Once she explained to her parents what it was all about, they told her that if she did this, she should take it seriously and have a platform and do all the right things, with a real purpose. “We finally agreed that I should do this, and I started by winning the North Dakota Miss Agriculture for 2022,” Maci said.

She received a sponsorship from the Stockmen’s Association that enabled her to go to the national competition in Ohio. She competed against 8 other women in a variety of categories. In the essay portion, she addressed farm safety —and ended up with the national title.

“This organization has only been around for three years. In those three years there have been two queens from Ohio and one from Pennsylvania. I am the first one from the Midwest. I’m hoping I can put a spotlight on our little section of the U.S,” she said.

She plans to participate in several parades and fairs. She will be at the North Dakota State Fair and also has meetings scheduled with SBARE—State Board of Agricultural Research and Extension that her father is involved with. “He will be taking me to these meetings so I can get more into that serious side of agriculture,” she explains.

“I hope to go to different schools and talk about my platform, which is farm safety. I put together a presentation as North Dakota Miss Agriculture and did some presentations at North Dakota schools, but now I am hoping to do presentations at other schools, at least in surrounding states like South Dakota, Minnesota and Montana.
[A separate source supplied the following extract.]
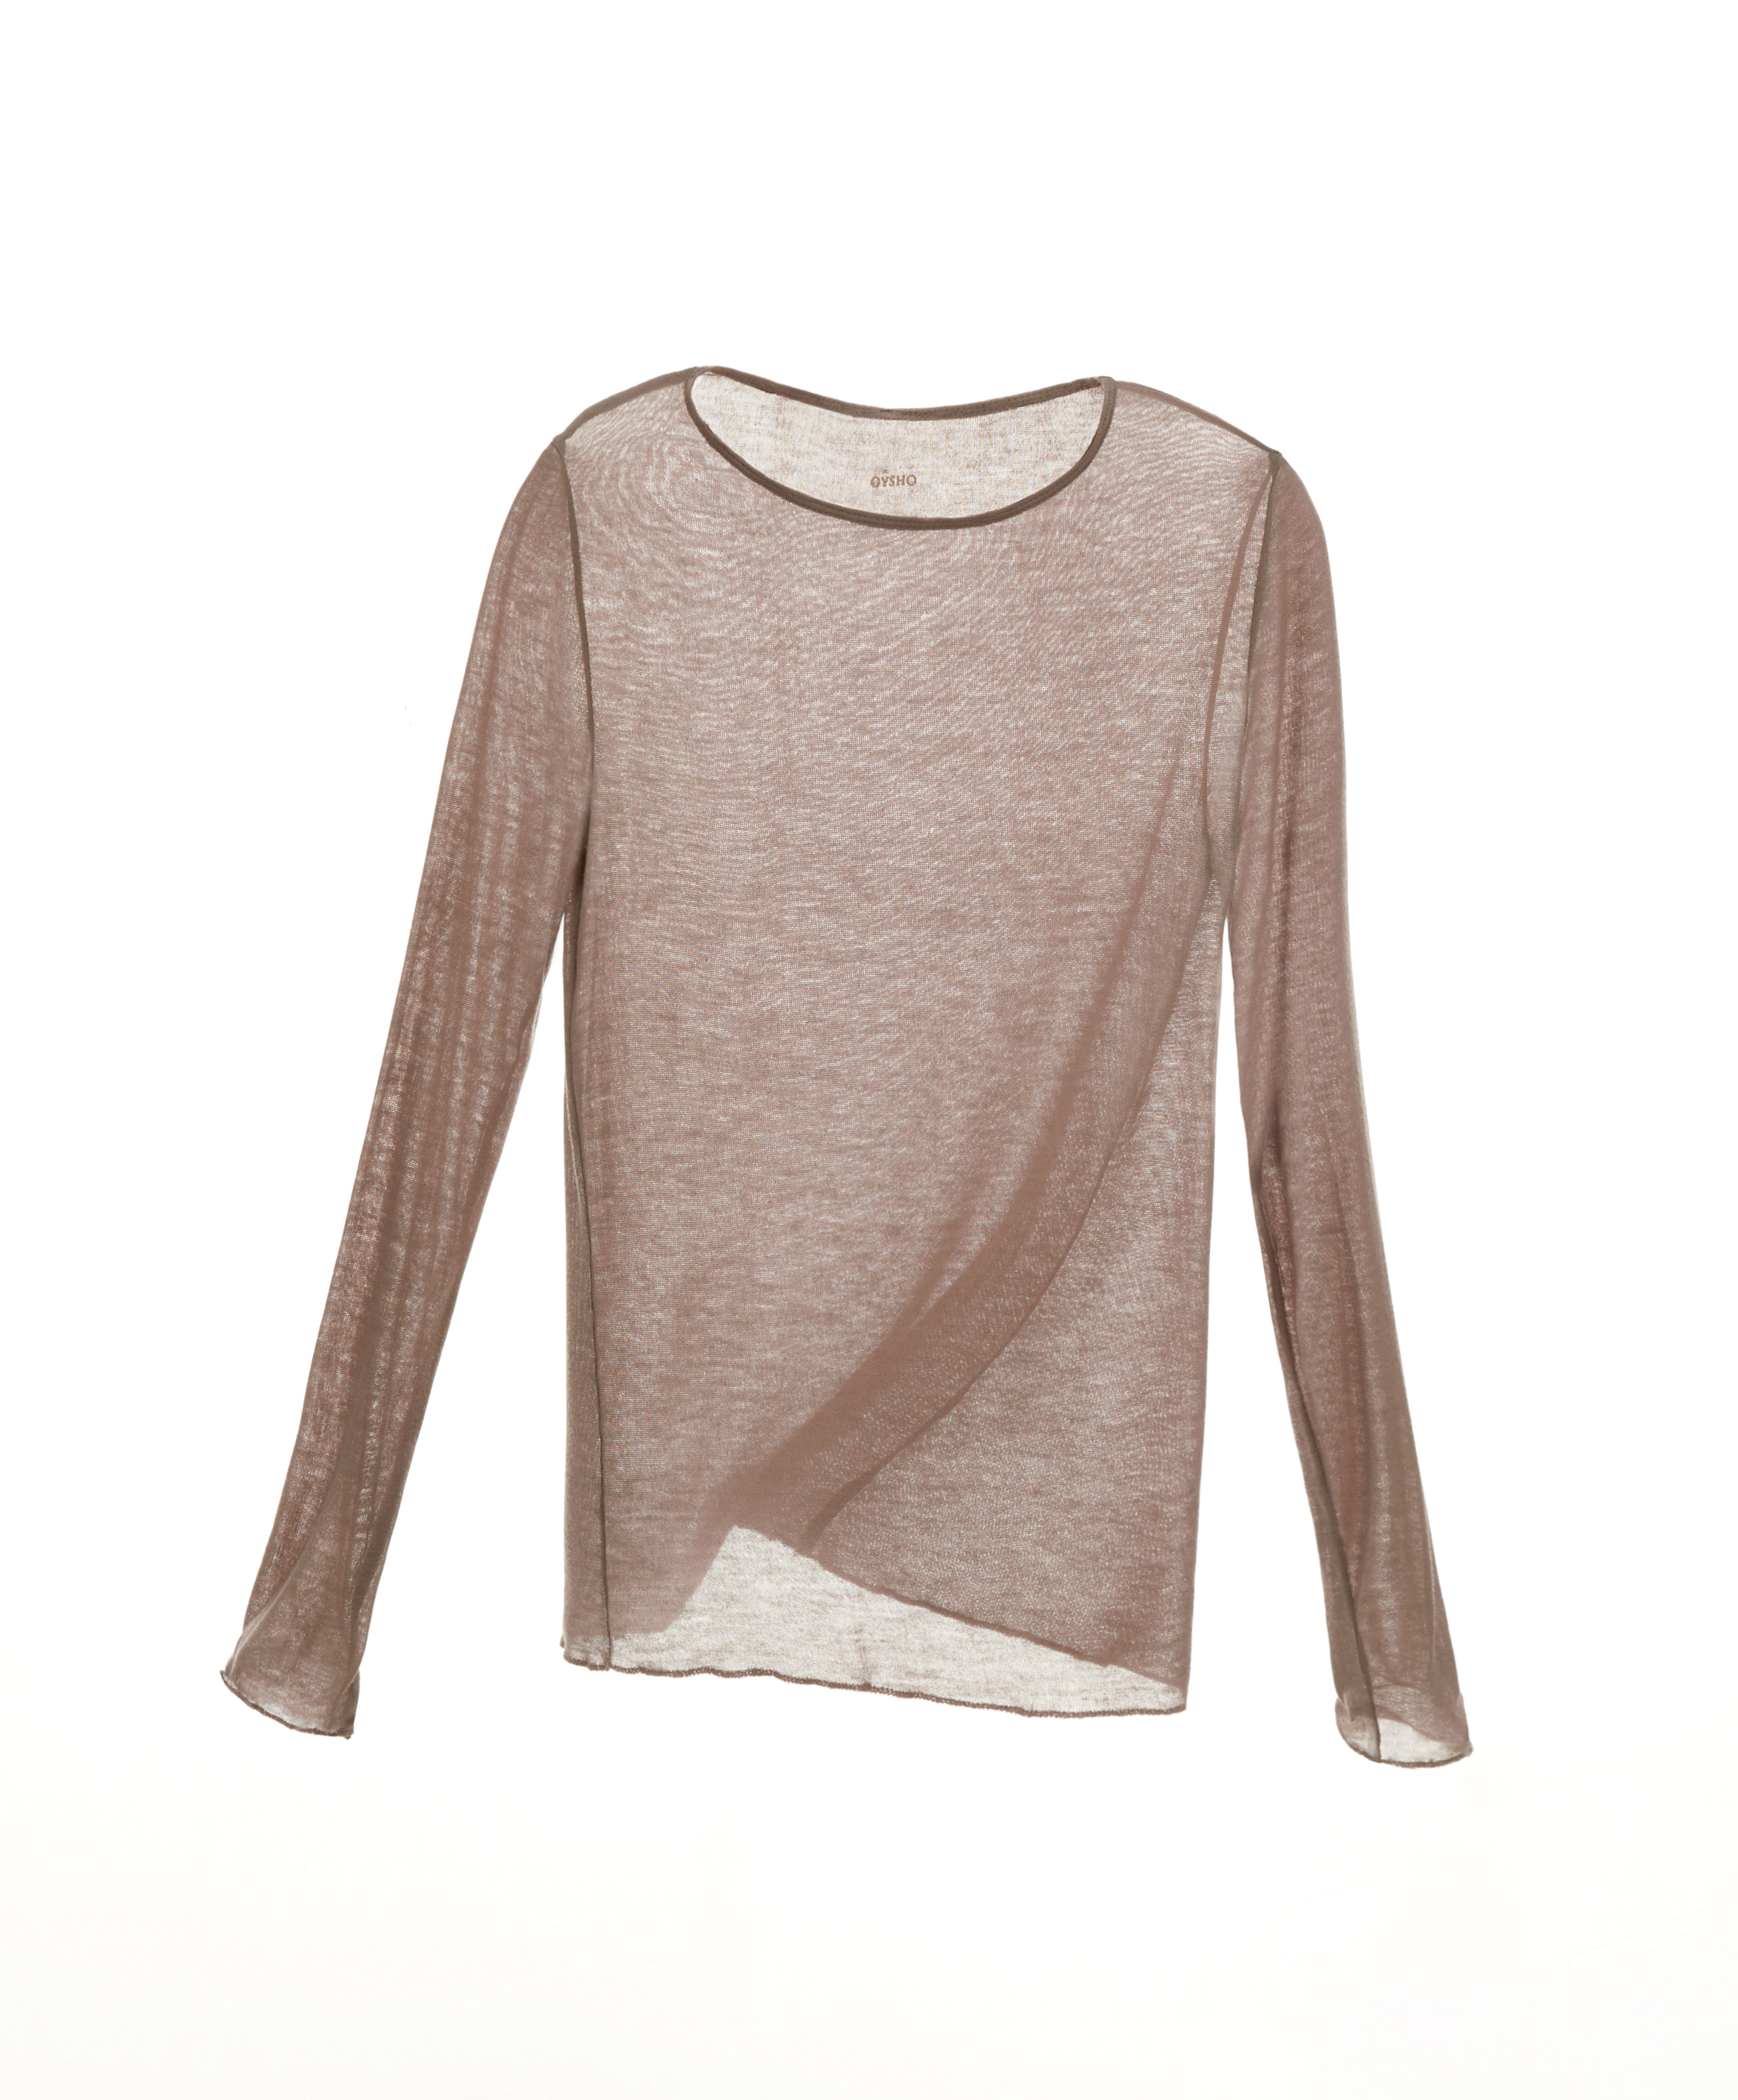 Extra-fine knit long-sleeved T-shirt

I want to get the message of farm safety out there,” she said.

She pitched this platform because she lost her older brother when she was 10, in a farming accident. “If I can save even just one other person’s brother, father, son, grandchild or other family member, then my job will be complete and my brother’s death won’t be in vain,” she said.

“Farm accidents are called accidents for a reason. They are unexpected, but when they happen we need to be prepared.” Some accidents are preventable and some are not; they just happen—when a person is in the wrong place at the wrong time.
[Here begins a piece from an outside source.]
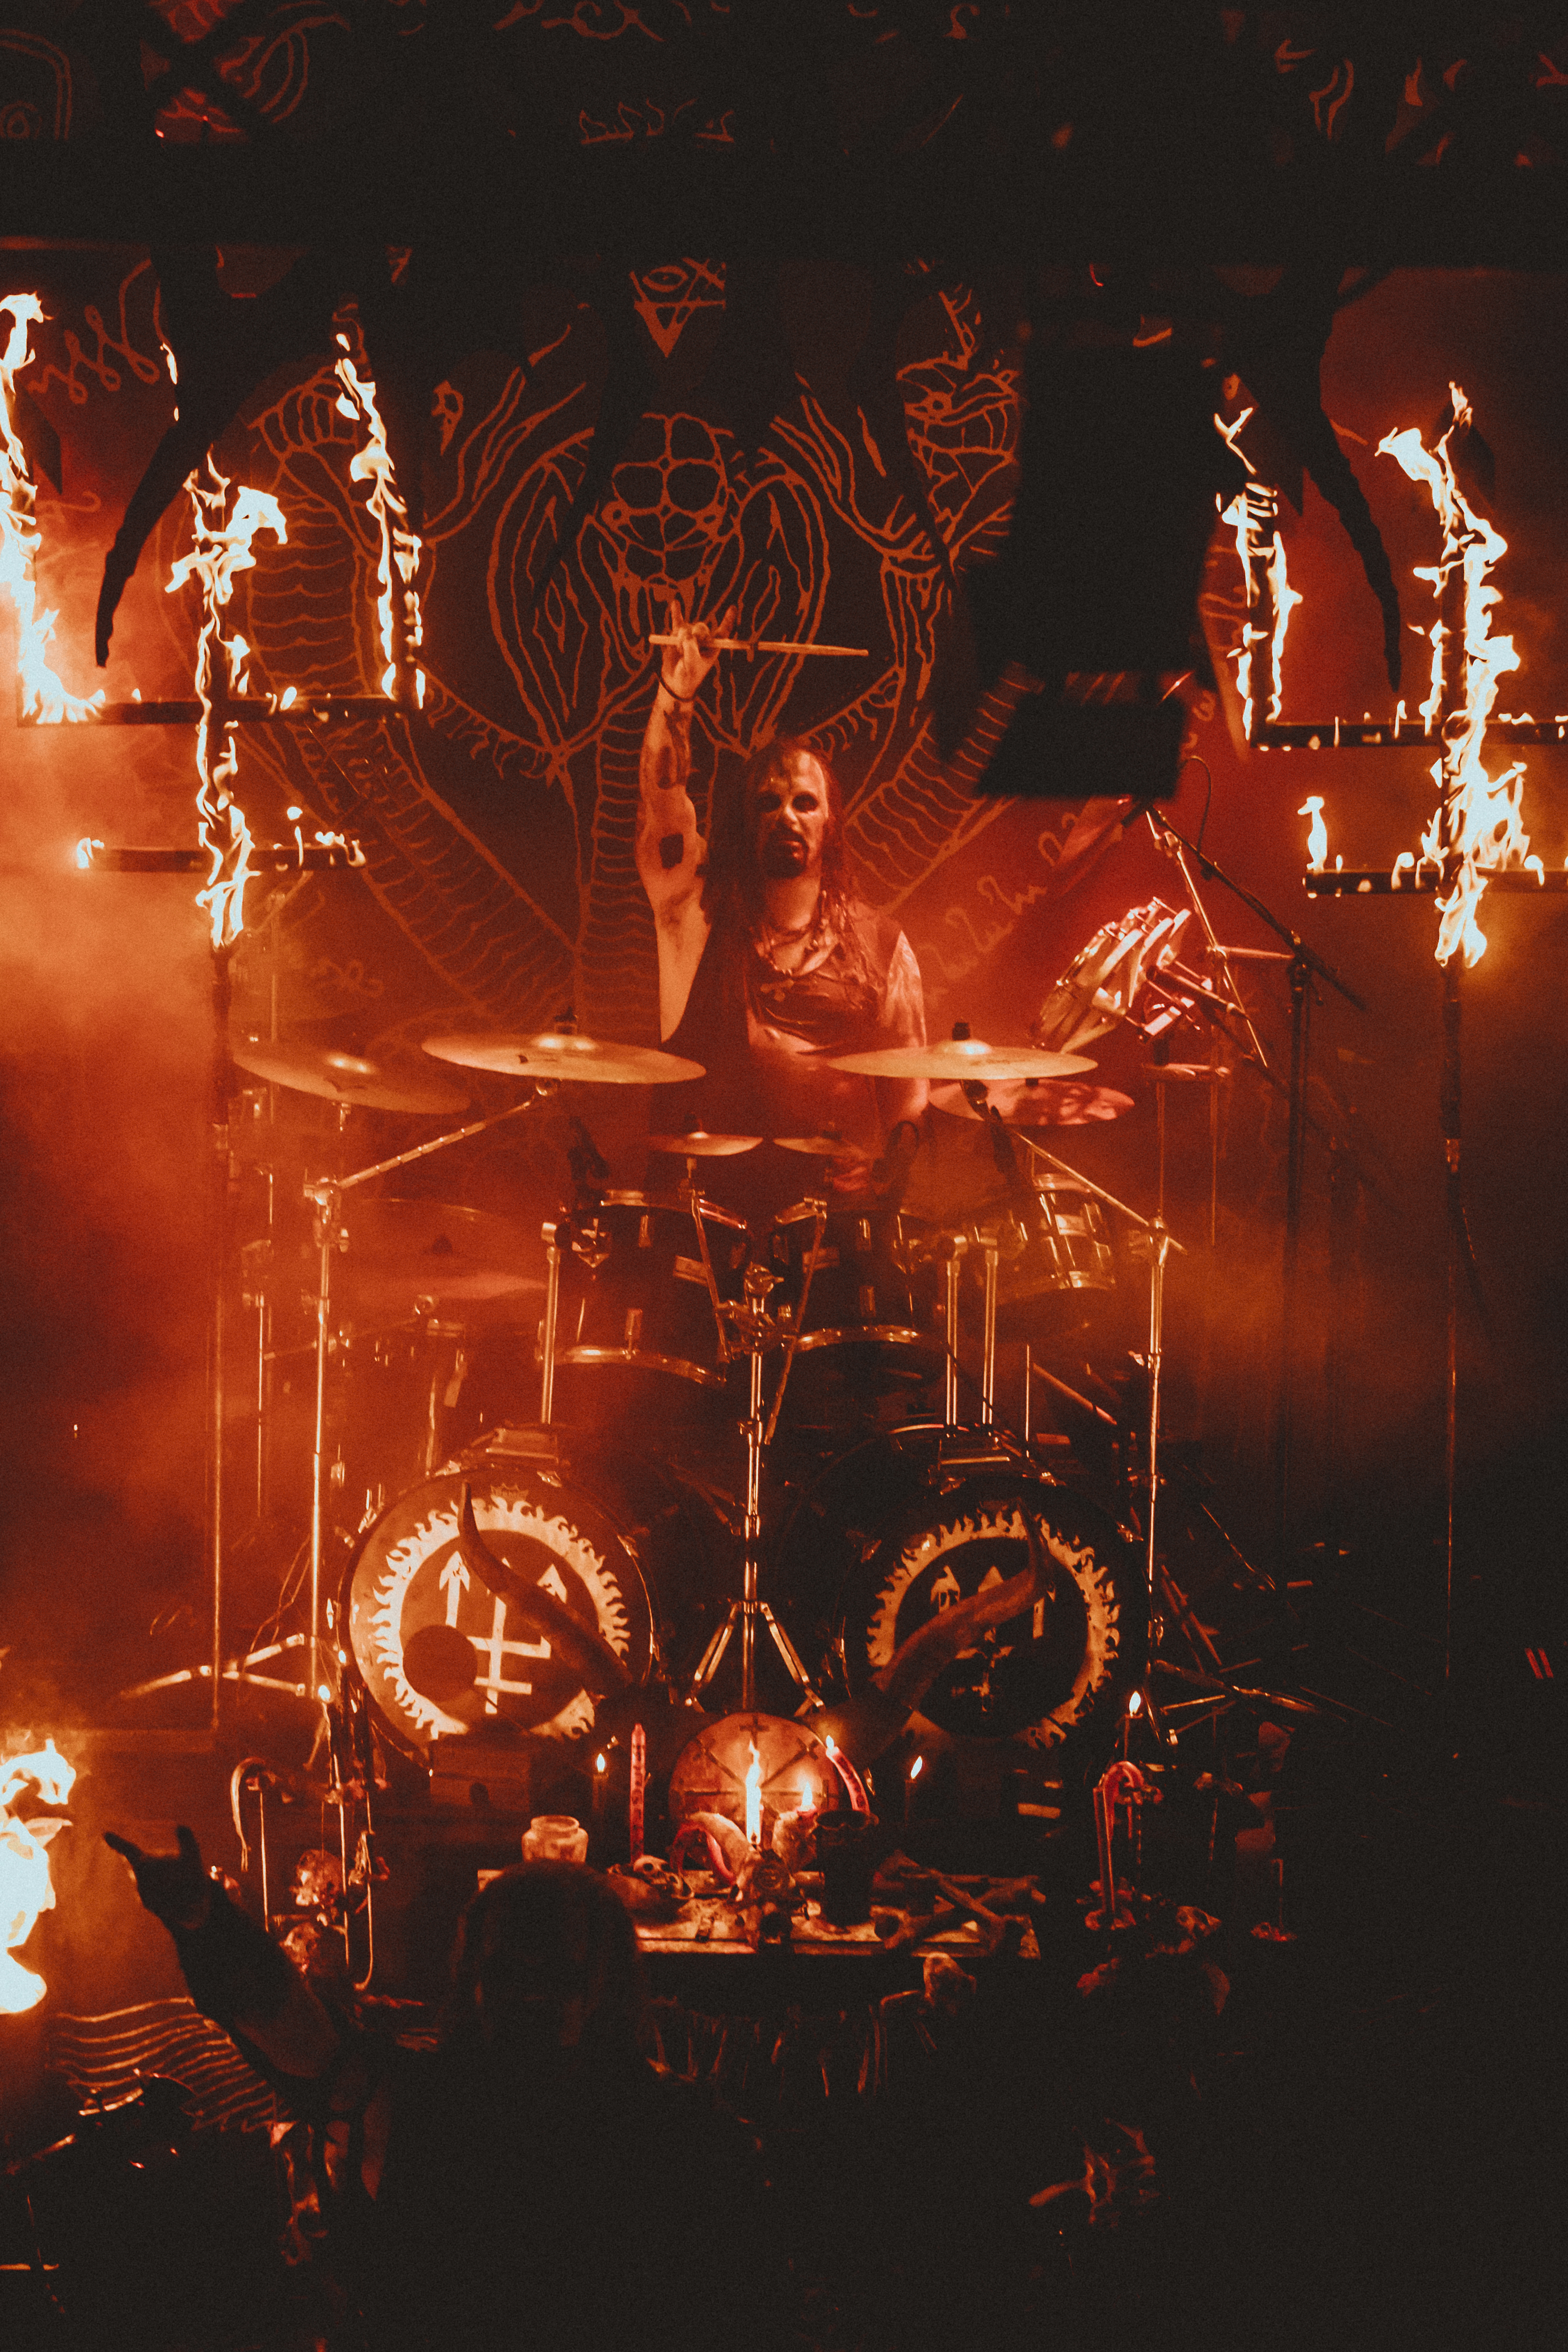 WATAIN - New Live Album "Die In Fire - Live In Hell" Out Now!

“That’s what happened with my brother. He was electrocuted when he put the sprayer booms up on a high crop sprayer. Even though he was far enough away from the power line, the wind blew the line closer to the boom and it arced to the sprayer. When he started to get out of the machine, he stepped on the metal plate and the electricity went through him. Sure, he could have kept the sprayer a little farther from the power line, but these things happen fast—like a cow suddenly turning on you and you don’t have time to get out of the way,” Maci said.

Some things you can be a little bit prepared for, always keeping safety in mind. “Know your exit points, for instance, when working cattle—which way you could go, to try to get away if something happened. Try to think ahead. Yet some accidents still happen and you also need to know what to do after it happens,” she explains.

There are many educational and certification programs about safety, but until you are faced with a dangerous situation and are in that moment, you really don’t know what you are going to do—how you are going to respond. “It helps to talk about it more, and this is what I want to do.”

She hopes to do presentations at schools during her term as Miss Agriculture USA, juggling that with being a fulltime college student. After she gets her degree she plans to go into a radio career.

“I fell in love with that as a senior in high school. My backup plan is publishing, but I really want to work in radio because I love that connection with people and being able to talk to them and broadcast on a large scale. I also love music so that’s a bonus, but I think radio would be my perfect job.”